“Calma, não é o que vocês estão pensando”, dizia Paulo Vieira para as câmeras sob um capuz de farricoco em frente à casa de Cora Coralina. Se essa frase de abertura causa uma estranheza, muito que bem. A Cidade de Goiás agradece o envolvimento e certamente se envaidece com cada um desses detalhes.
Comecemos pelo próprio Paulo Vieira, um dos maiores comunicadores da TV atual. Ele estava vestido daquela maneira para gravar mais um episódio de seu genial “Avisa lá que eu vou”, uma exploração do Brasil profundo, sucesso no GNT e no “Fantástico”. Uma homenagem ao estado em que nasceu.
Com um mala de mão, sua marca registrada nessas reportagens, o goiano Vieira, de Trindade, trajava uma túnica roxa e brilhante, da mesma cor do capuz pontudo, exatamente como dezenas de farricocos que se espalham pela Cidade de Goiás na Semana Santa.
Dá para entender se a imagem te fez lembrar um membro da Ku Klux Klan. Algumas imagens desse ritual pascoalino na cidade que postei nas minhas redes socais provocaram comentários perplexos dos meu seguidores. E é justamente essa confusão que Vieira tentava dissipar na abertura do seu programa.
Fui à Cidade de Goiás na semana passada para o casamento de dois grandes amigos: o agitador cultural Ronaldo Fraga e seu nobre parceiro, Rodrigo Januário.
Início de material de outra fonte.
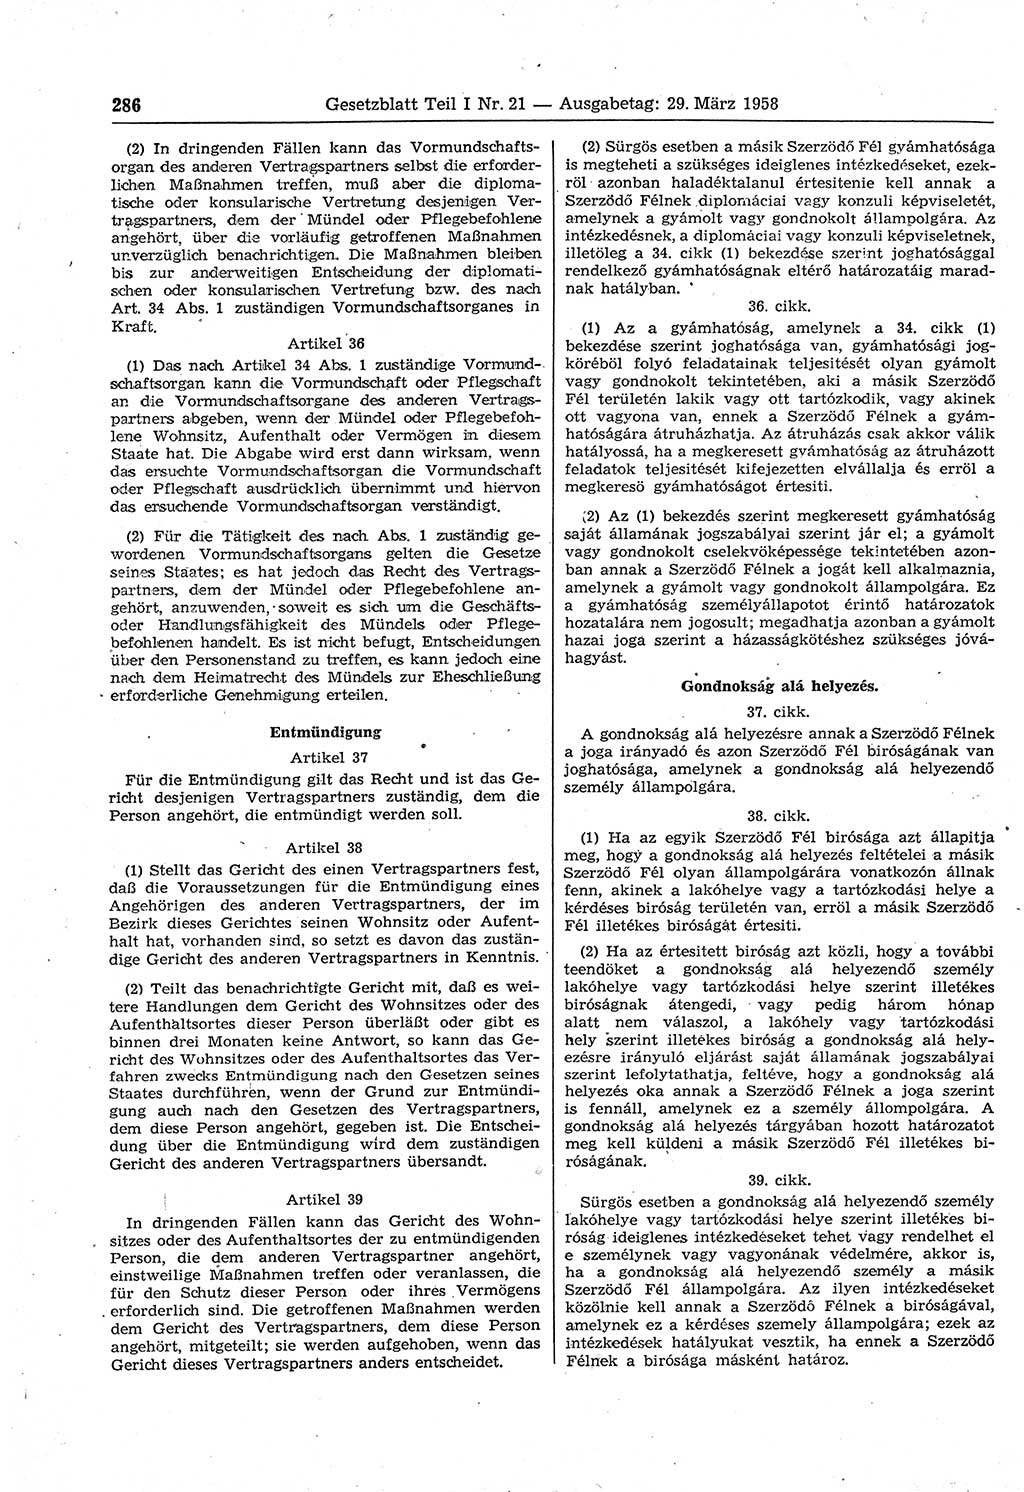 Gesetzblatt (GBl.) der Deutschen Demokratischen Republik (DDR) Teil Ⅰ 1958, Seite 286 (GBl. DDR Ⅰ 1958, S. 286)

A belíssima e emocionante festa escolheu a cidade como cenário não por acaso.
Fraga quis dar um presente a mais para seus convidados à cerimônia e organizou para que todos estivessem por lá para ver a Procissão do Fogaréu, dia 16 de abril. Às 23h59, 60 figuras coloridas, os farricocos, saíram por aquelas ruas antigas segurando tochas de fogo.
A infeliz coincidência com as roupas identificadas com o culto de supremacia branca nos Estados Unidos logo foi vencida pela força da procissão. A encenação daqueles soldados romanos procurando Jesus para executá-lo resulta num espetáculo que encanta pela força religiosa.
Todas as luzes da cidade são apagadas para a cerimônia e o efeito daquelas figuras inflamadas projetando sombras na multidão que acompanha o cortejo é assustador e cativante. E mais um exemplo de como o Brasil reinventa sua fé católica.
Aquelas ruas, cujas pedras desafiam nosso equilíbrio mais que os claudicantes passeios por Ouro Preto ou Paraty, oferecem outros encantos. Do clássico empadão goiano, com frango, linguiça e guariroba, aos incríveis bordados das artesãs locais, há muito o que explorar pela Cidade de Goiás.
E ainda é possível visitar uma marca de orgulho local, que nos remete ao tempo em que ela ainda era conhecida como Goiás Velho. Ou ainda para um passado mais remoto: a casa onde em 1889 nasceu a grande poetisa Cora Coralina, às margens do rio Vermelho, está lá desde quando o lugar se chamava Vila Boa.
Ali, de maneira inesperada, descobri que os versos de Cora emprestam da cidade a beleza de uma vida que também é muito brasileira. Tão simples e distante que hoje a gente precisa de talentos como Paulo Vieira para nos reconectar com ela. Ainda que de capuz de farricoco.